Rethinking the nature of money is serious stuff. It is, in effect, the re-examination of a concept of value exchange that’s been central to society, certainly every mercantile culture, for thousands of years – from Pacific conch shells, to gold, promissory notes and credit cards.
It’s my contention that, for good or for ill, there is a clear and present threat to the established system – specifically the way in which the nation state, with its centrally controlled fiat currencies, is organised.
Indeed, the modern state has three major levers of control to maintain political stability and the security of power: physical coercion – the military and, more contentiously, the machinery of justice and the penal system; propaganda – media control conveniently outsourced to notionally independent news organisations and their appropriately sympathetic owners; and the financial system – a fiat currency administered by a central bank, with attendant reporting restrictions and regulations, which allows the government to assess our assets and income and, whether we like it or not, demand its share.

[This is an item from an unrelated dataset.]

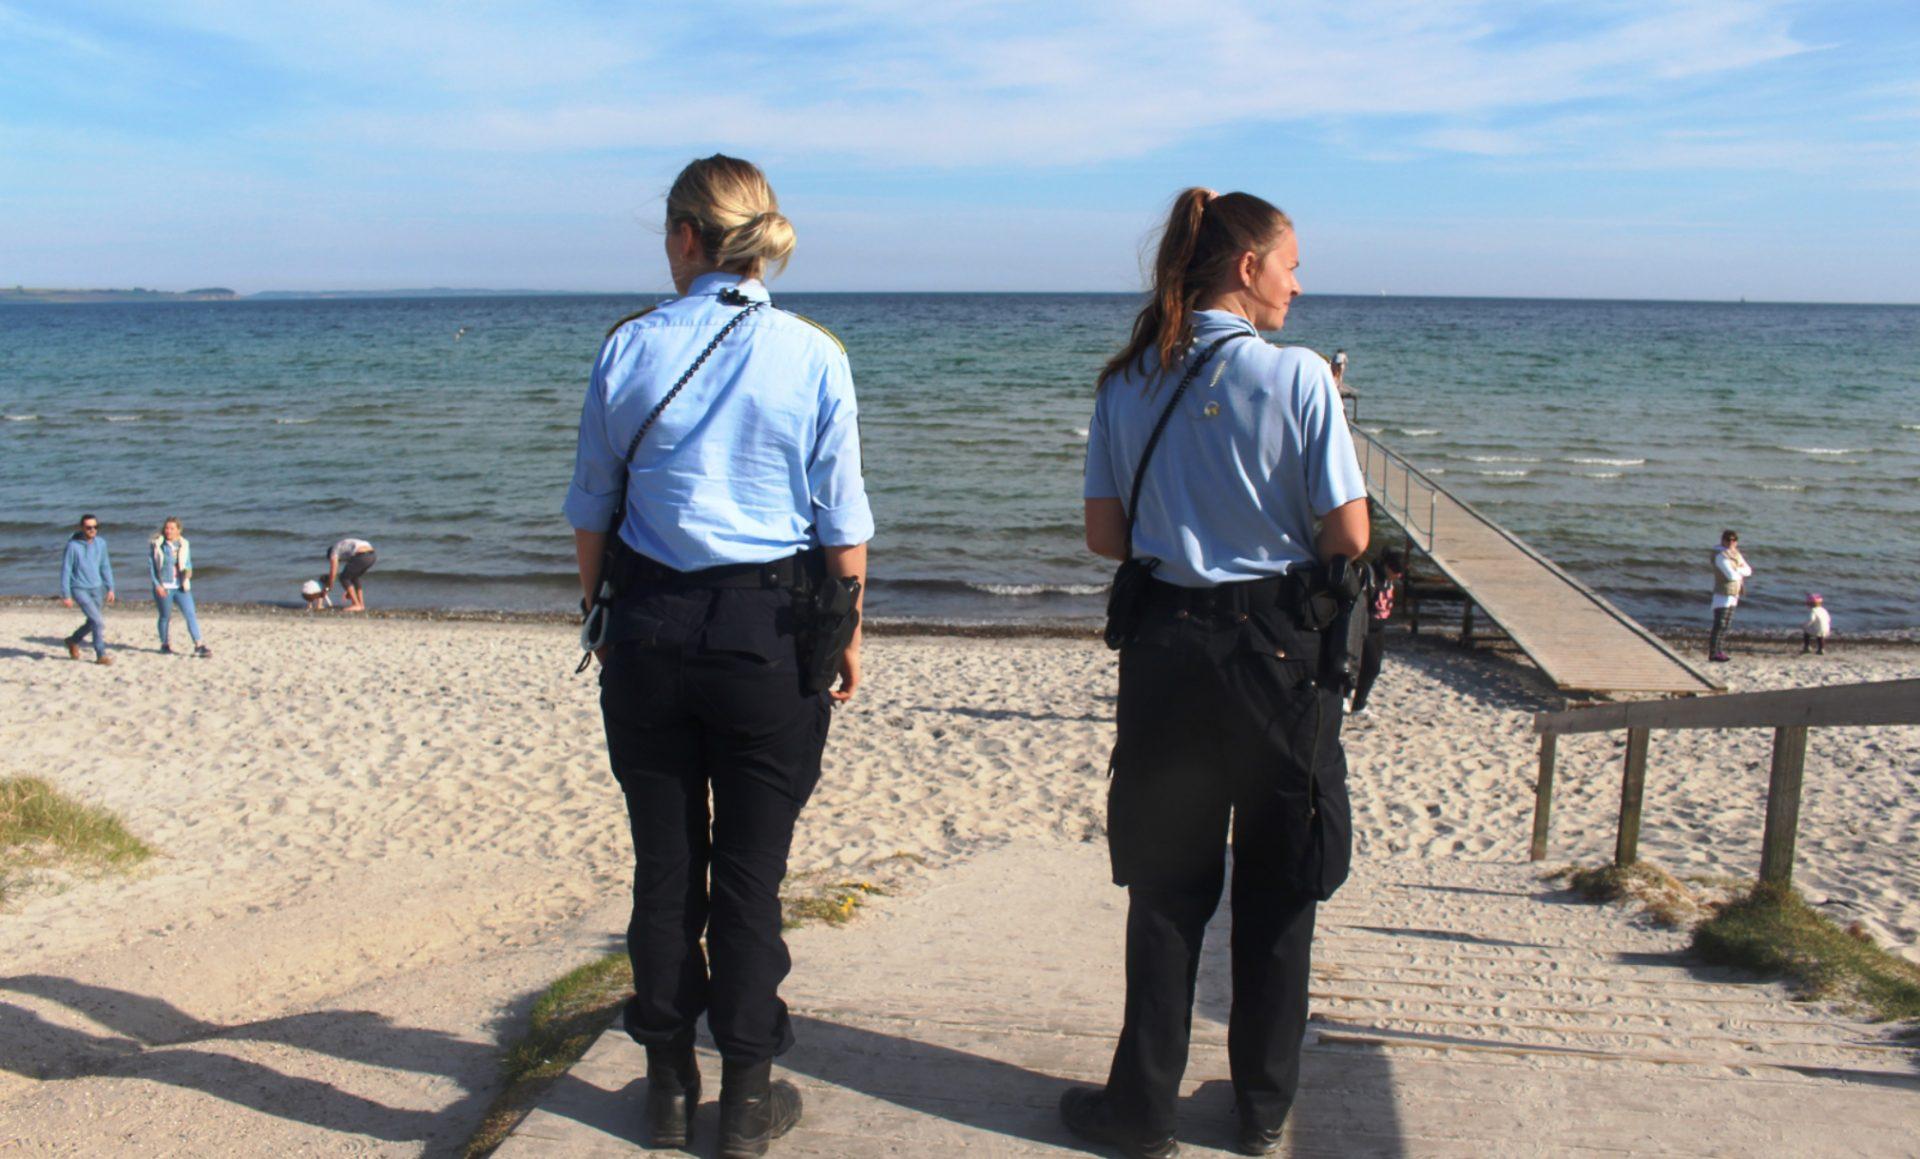 COVID-19: Østjyllands Politi opretter tre hotspots i Aarhus

The latest resurgence of Bitcoin has provoked a re-think – be it a lofty re-examination of value-exchange systems, or the prehistoric feeling that there’s gold in the digital hills. This is prompting a massive shake-out amongst existing financial systems and a power struggle between corporate institutions as they compete to issue their own digital tokens.
The scrambles include a full-scale battle between the corporate world and governments. A dream team of corporate suppliers and payment specialists jumped ship ahead of Facebook’s proposed launch of its Libra token last year. The precise reason as to why they withdrew, and how the token launch was aborted and subsequently re-packaged and renamed Diem, is fertile territory for conspiracy theorists.
Nevertheless, the fact is that the Facebook token, with its potentially vast monetary value and opportunity for cheap puns – yes, folks, we’re dealing with “Facebucks” – was scuppered. Did international governments act in concert, as they could not allow a transnational value token to take root, depriving them of oversight – and tax income?
There is a major change in sentiment among political and financial institutions about money in a digital form. After years of resistance, comes reluctant acceptance from the establishment. In the interim, the old and the new systems co-exist.